Dans la troisième catégorie on trouvera le prodige technologique de la télévision, annoncé hier comme l’outil ultime de la démocratisation de la Culture, utilisé aujourd’hui pour diffuser massivement de la pub et des émissions de télé-réalité. Sur la base de ce même principe, le transhumanisme pourrait ne servir qu’à augmenter de façon spectaculaire le niveau moyen des parties de Scrabble, à l’image du Viagra dans un domaine connexe.

 

une autre approche des micro-ordinateurs

 

La puissance offerte aux premiers micro-ordinateurs était dédiée exclusivement aux travaux de bureautique (d’où la fortune de Microsoft)… et en noir et blanc. La montée en puissance des microprocesseurs a accompagné le développement de cette discipline (arrivée de la couleur, évolution des logiciels…).
Les besoins de la bureautique sont satisfaits depuis longtemps et le surplus de puissance offert a progressivement concerné la conception graphique, 3D, vidéo, … en clair, des niches de spécialités soit… de moins en moins de monde.

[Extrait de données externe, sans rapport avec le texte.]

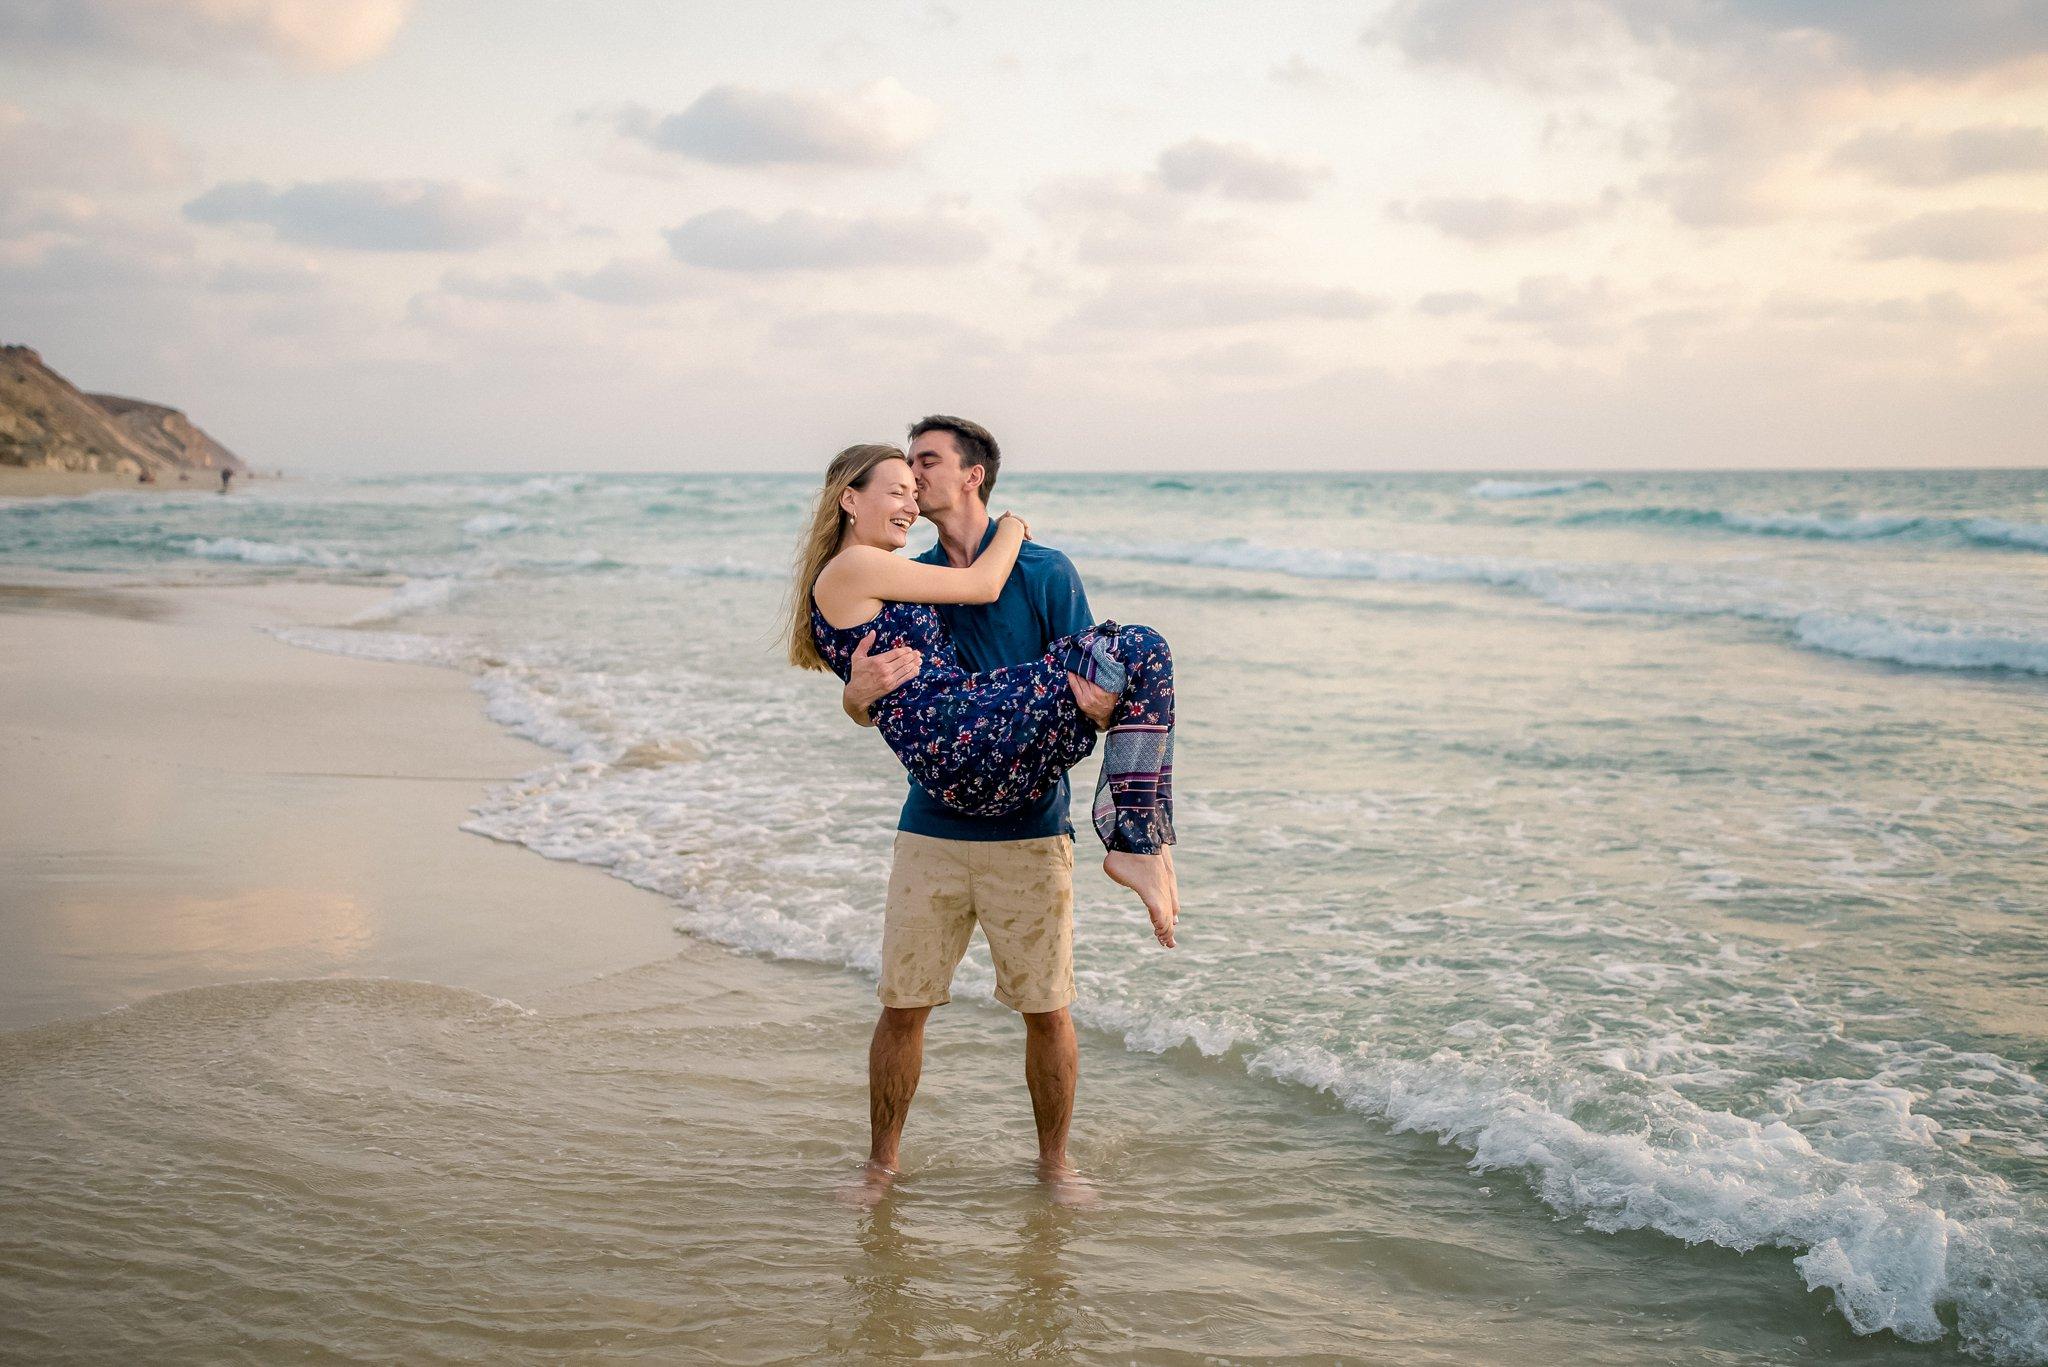 Netanya-israel-beach-engagement-session-kate-giryes-photography-3882_WEB.jpg

Lorsque le graphisme et la vidéo ont commencé à concerner le plus grand nombre, ce fut sur internet, où la puissance du microprocesseur n’est plus le seul facteur en cause. Il faut en effet composer avec le débit du réseau, sa disponibilité et son éventuelle saturation ainsi que sur les techniques associées (compression d’image, qualités du navigateur, précautions de sécurité…)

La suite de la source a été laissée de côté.